Так мы с Хагеном оказались в евро-космическом центре «Mariner Caravella». Сейчас, правда, тут просто бывшая высокотехнологичная коммерческая каторга партнерства «Playa Artificial». Ее, вместе с арендой территории и акватории, у них выкупило ESA (европейское агентство по космосу). А еще раньше здесь был французский атомный полигон. Взорвали почти двести бомб. Теперь тут такие креветки-полиплоиды, что больше похожи на лангустов. Мутанты, но вкусные… Это, кстати, важно. А вообще, каторга (в смысле, полигон Каравелла), похож на военный городок гектара четыре площадью. Он занимает восточный угол атолла Муруроа. От него идут две дороги на запад: по северному барьеру – к ВПП аэродрома, по южному – к маленькому порту на внутреннем рейде. Дальше оба барьера пересекаются мелкими протоками, так что на западной половине атолла уже другая жизнь. Там тусовка баджао – морских бродяг.

Теперь объясняю, почему важно про креветок. После того, как суб-лейтенант Зидано (классный парень, между прочим) накормил нас сэндвичами с какао, мы двинулись знакомиться с международной научно-экспертной группой. Где должна находиться научная группа после легкого завтрака? Там, где лучше всего ловятся креветки! По южному барьеру дорога идет на запад шесть миль, мимо маленького порта и короткой резервной ВПП, а последние три мили просто так.

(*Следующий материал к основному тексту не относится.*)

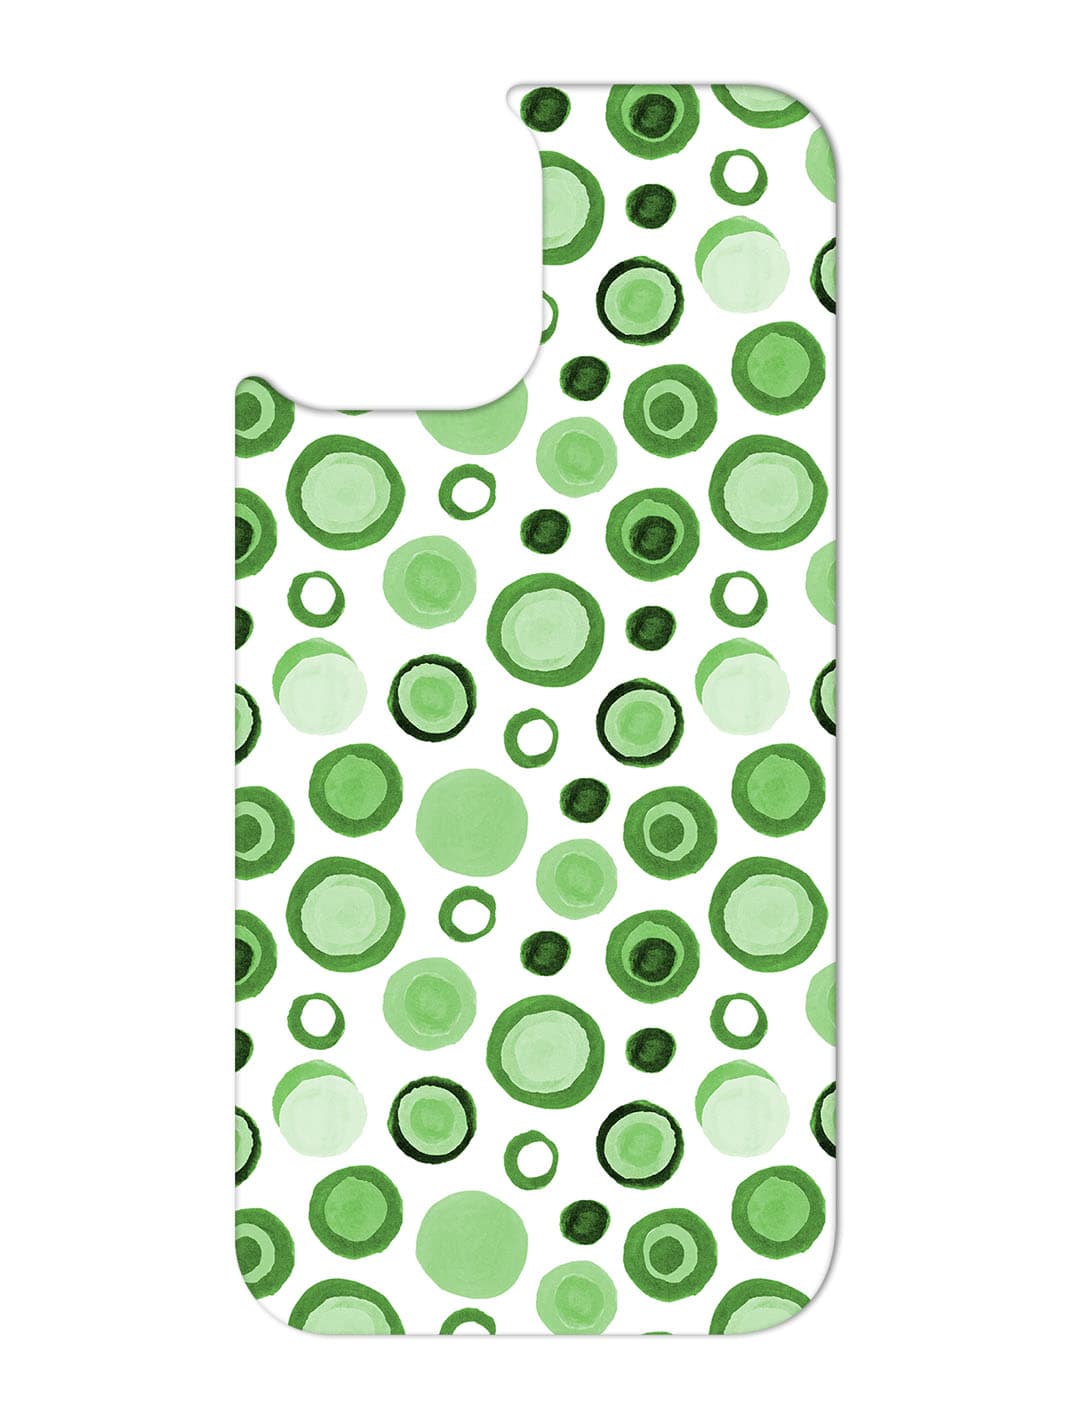 Swap - Green bubbles

Полвека назад, французские форсы хотели освоить и западную половину атолла тоже, поэтому построили узкую бетонную дамбу через несколько проток на южном барьере, соединив восточный остров с цепочкой из десятка мелких моту. Потом плюнули, и дамба оборвалась на полпути с востока на запад. Один из последних моту в цепочке – загогулина с маленькой суб-лагуной метров двести в поперечнике. Глубина здесь маленькая, вода просвечивается, до дна, водоросли растут со страшной скоростью, а креветки-мутанты жрут их, набирают вес и плодятся.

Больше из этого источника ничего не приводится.